Ob aus der Wirtschaft oder der Politik: Immer wieder werden vor der Wahl Rufe nach einem Schutzwall gegen Rechts laut. So etwa riefen zuletzt Bundeskanzler Olaf Scholz (SPD) sowie die linken Regierungschefs Spaniens und Portugals, Pedro Sánchez und António Costa, dazu auf, Macron zu wählen. Man hofft, den Sieg des rechtsnationalen Lagers so erneut in der Endrunde der Wahl verhindern zu können: Das gelang bei Le Pen bereits 2017 und zuvor bei ihrem Vater Jean-Marie im Jahr 2002.
Doch Le Pen versucht ihrerseits, diejenigen, die die Politik des Amtsinhabers Macron mehr als satt haben und die zuvor als "Gelbwesten", Impfgegner oder vernachlässigtes Schul- und Klinikpersonal auf die Straße gingen, zu einer Blockade gegen ihren Kontrahenten zu mobilisieren.
Marine Le Pen weiß sich zu wandeln. Zum dritten Mal nimmt die rechte Politikerin Anlauf auf Frankreichs höchstes Staatsamt - und es scheint, als werde sie von Wahlkampf zu Wahlkampf glatter.

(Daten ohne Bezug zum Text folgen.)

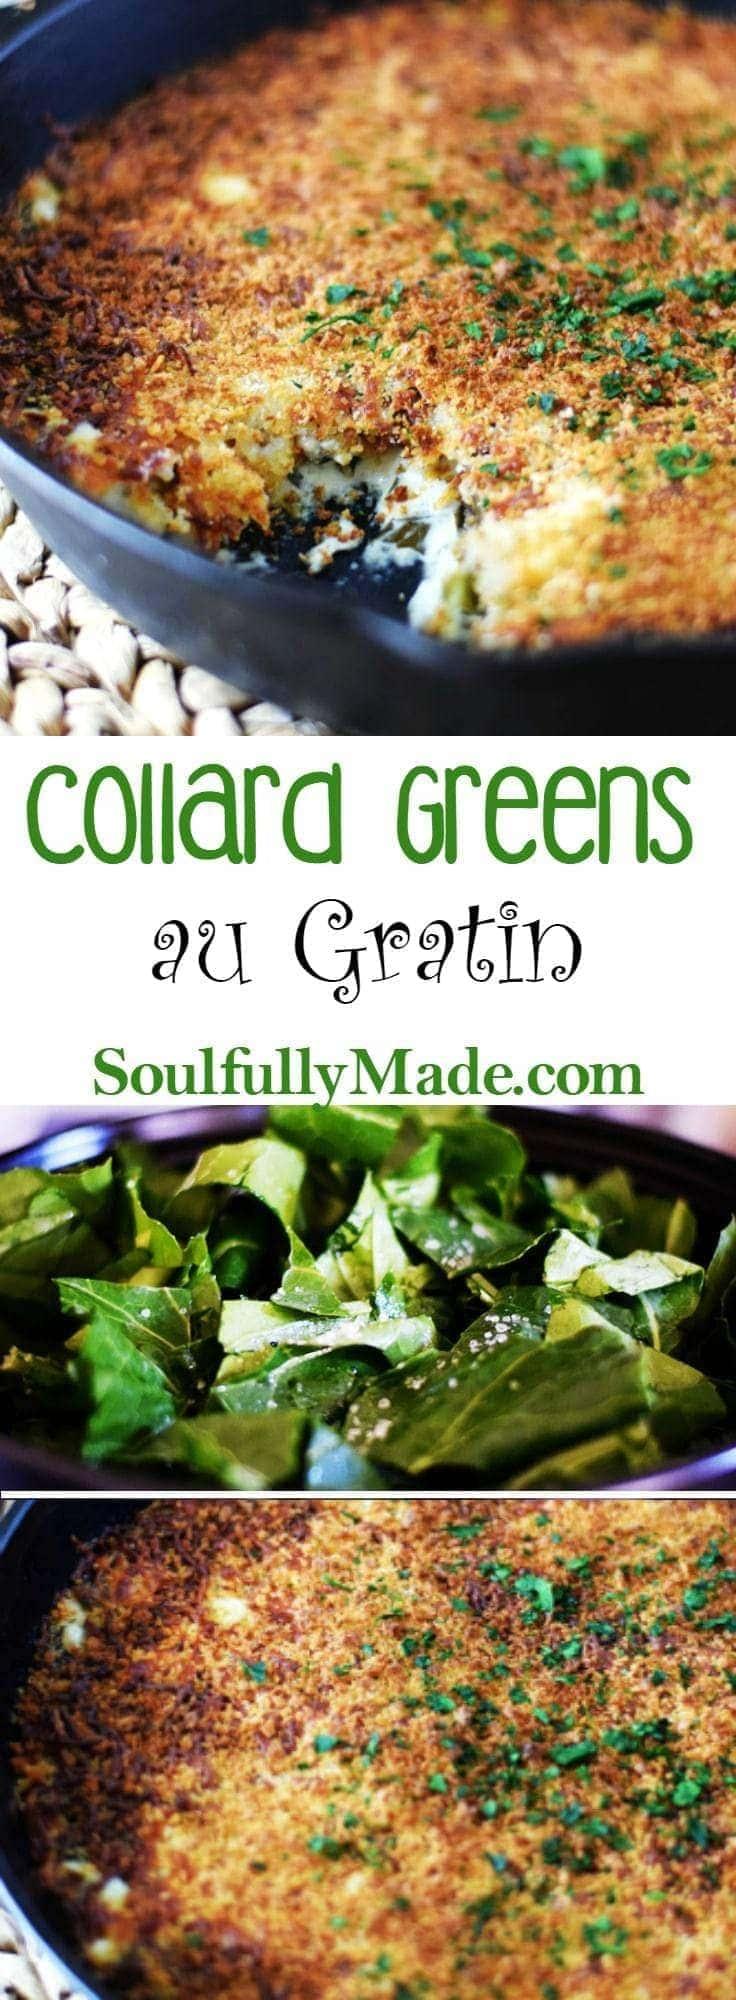 Collard Greens Au Gratin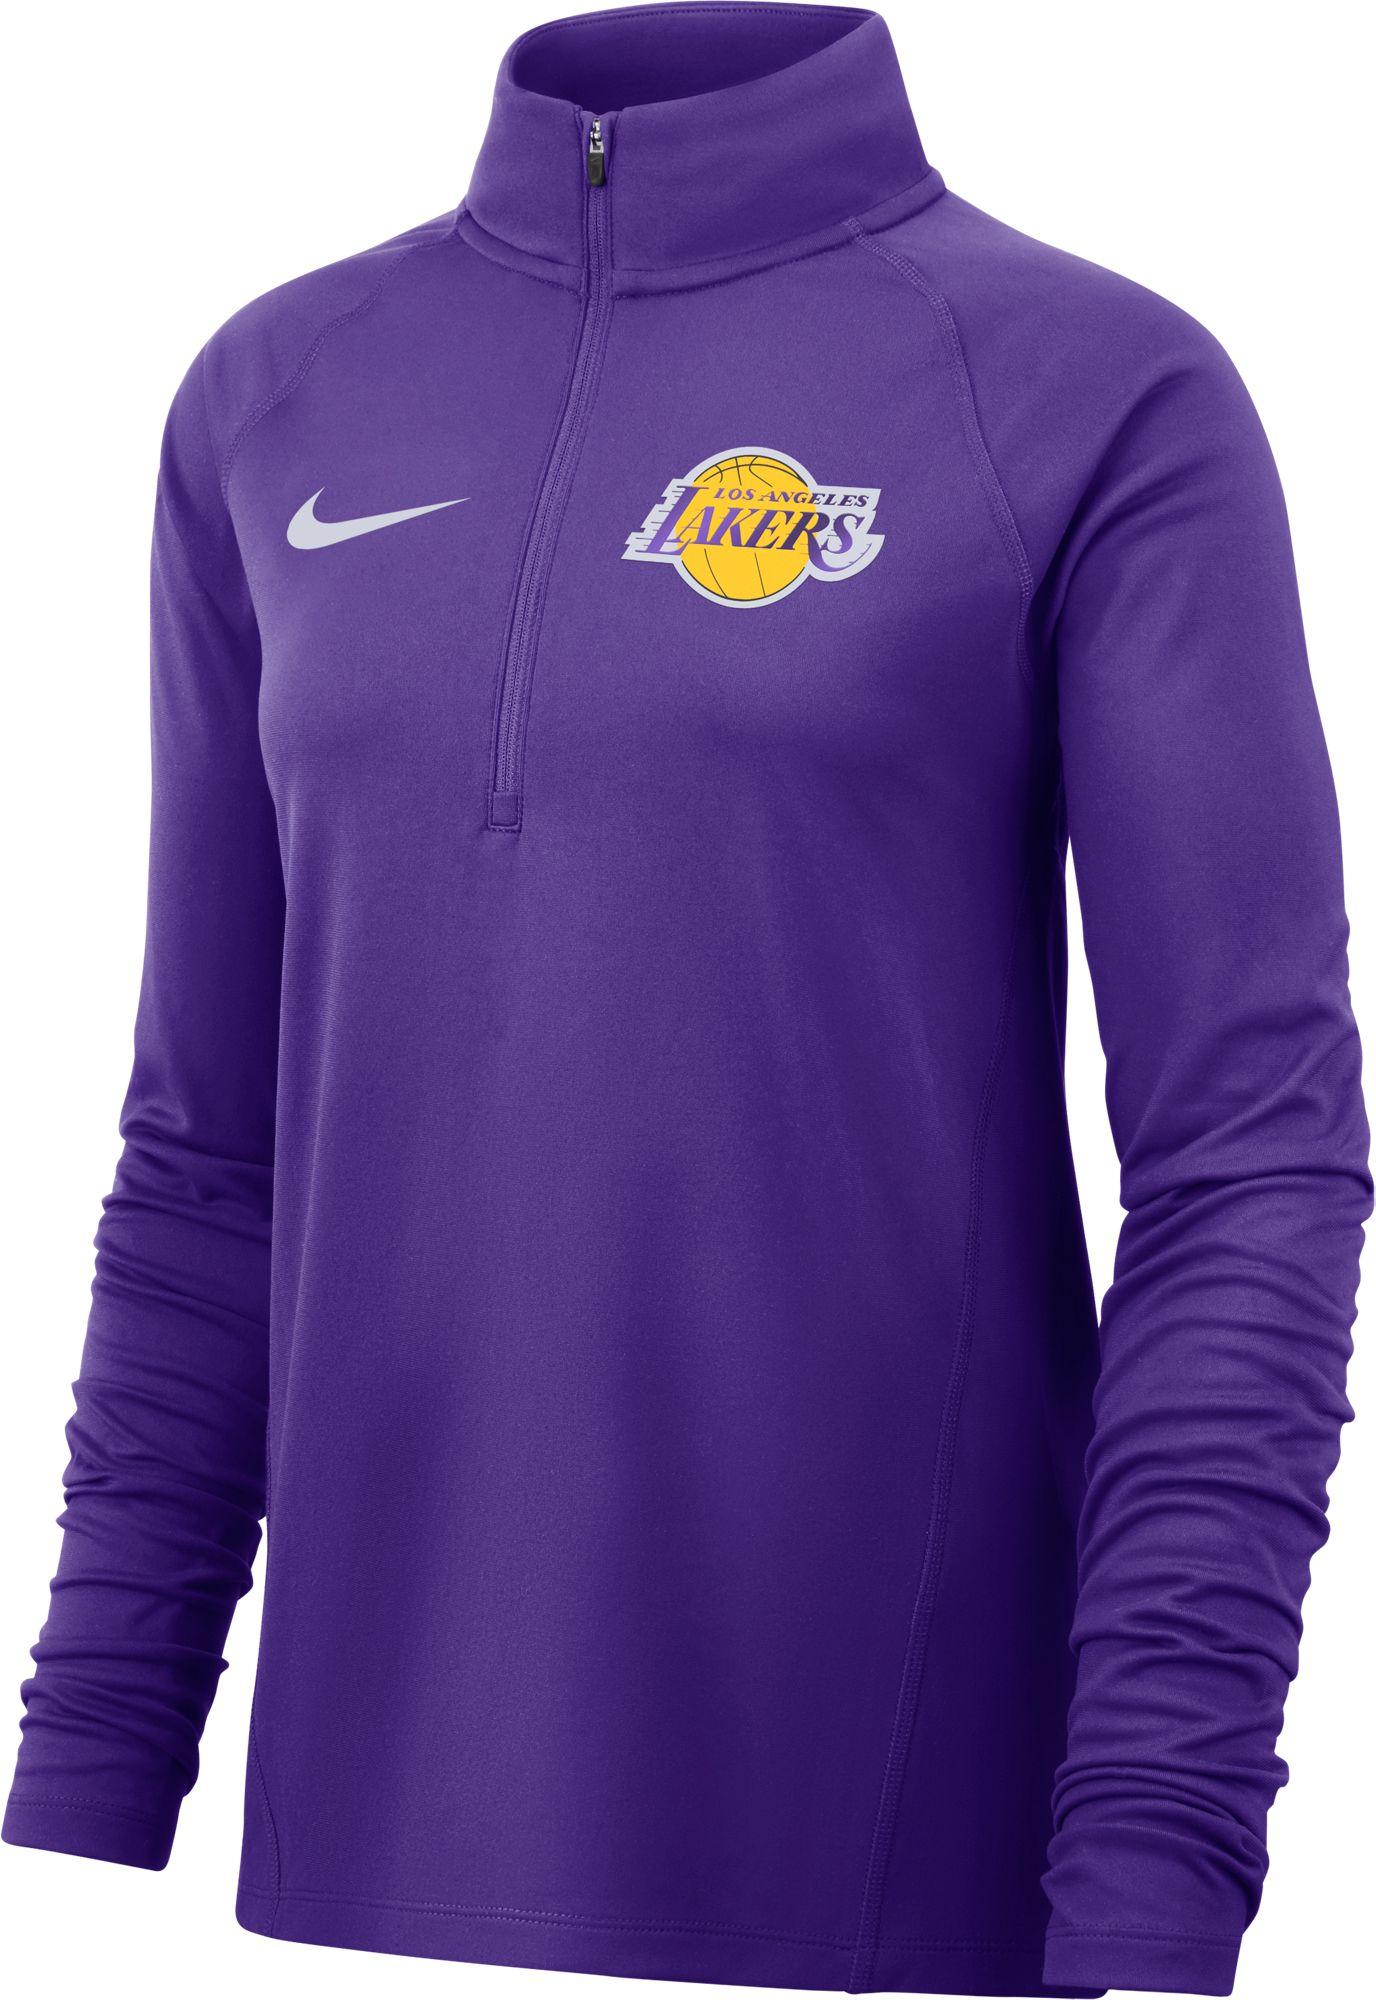 40760724e Nike Women's Los Angeles Lakers Dri-FIT Element Half-Zip Pullover ...

Auf der Suche nach neuen Wählern, die sie endlich in den Élyséepalast bringen könnten, versucht sie, die radikal rechte Vergangenheit ihrer Partei weit hinter sich zu lassen.
Die studierte Juristin übernahm 2011 die Partei Front National von ihrem Vater Jean-Marie. Das alte rassistische Vokabular verbannte sie, den Vater ließ sie ausschließen, als der die Gaskammern der Nazis erneut als "Detail der Geschichte" bezeichnet hatte. Mittlerweile gilt die in Rassemblement National umbenannte Partei bis in Teile des bürgerlich rechten Lagers hinein als wählbar - eine Errungenschaft, die viele Le Pen persönlich anrechnen.